Question 1133340
x = 30% solution
y = 80% solution.


you want 6 liters of a 70% solution.


first equation is x + y = 6


second equation is .3 * x + .8 * y = .7 * (x + y)


in the first equation solve for y to get y = 6 - x


in the second equation replace y with 6 - x to get:


.3 * x + .8 * y = .7 * (x + y) becomes .3 * x + .8 * (6 - x) = .7 * (x + 6 - x)


simplify to get .3 * x + 4.8 - .8 * x = 4.2


combine like terms to get: -.5 * x + 4.8 = 4.2


subtract 4.8 from both sides of this equation to get -.5 * x = -.6


divide both sides of this equation by -.5 to get:


x = -.6/-.5 = 1.2


in the equation of x + y = 6, replace x with 1.2 and solve for y to get:


y = 6 - 1.2 = 4.8


x + y = 6 becomes 1.2 + 4.8 = 6 which becomes 6 = 6 which is true.

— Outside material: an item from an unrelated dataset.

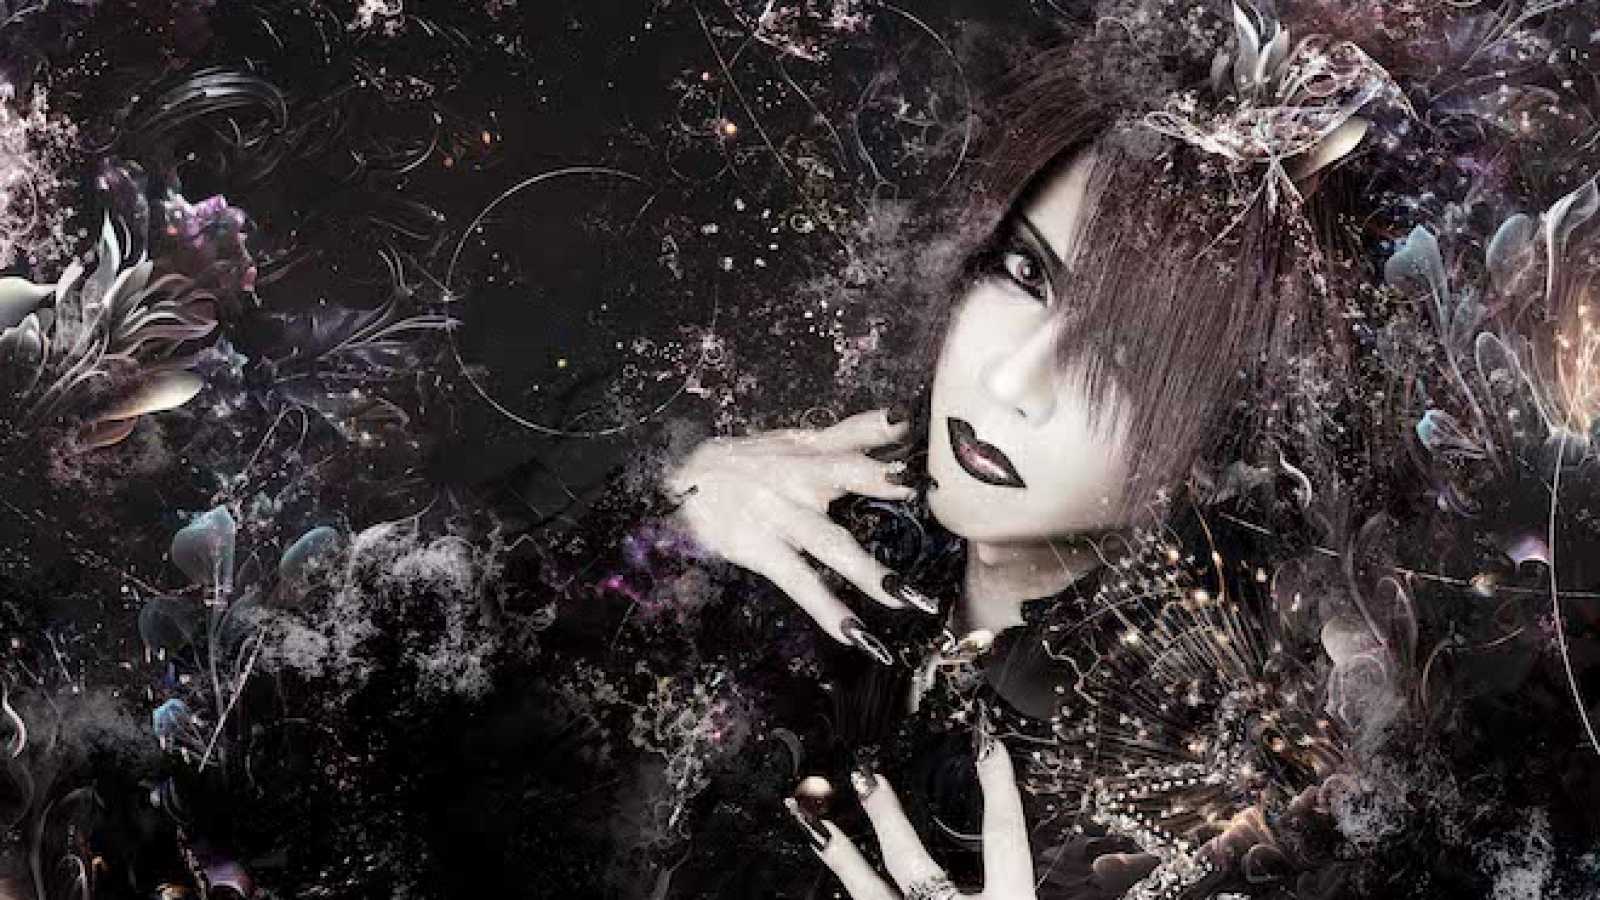 Three New Albums from KISAKI © KISAKI. All rights reserved.

.3 * x + .8 * y = .7 * (x + y) becomes .3 * 1.2 + .8 * 4.8 = .7 * (1.2 + 4.8) which becomes .36 + 3.84 = .7 * 6 which becomes 4.2 = 4.2 which is true.


the solution looks good.


x = 1.2 and y = 4.8


x + y = 6 becomes 1.2 + 4.8 = 6 which is true.


.3 * x + .8 * y becomes .3 * 1.2 + .8 * 4.8 which becomes .36 + 3.84 which becomes 4.2


4.2 / 6 = .7 = 70% which satisfies the requirements of the problem.


1.2 liters of a 30% mixture added to 4.8 liters of an 80% mixture results in 6 liters of a 70% solution.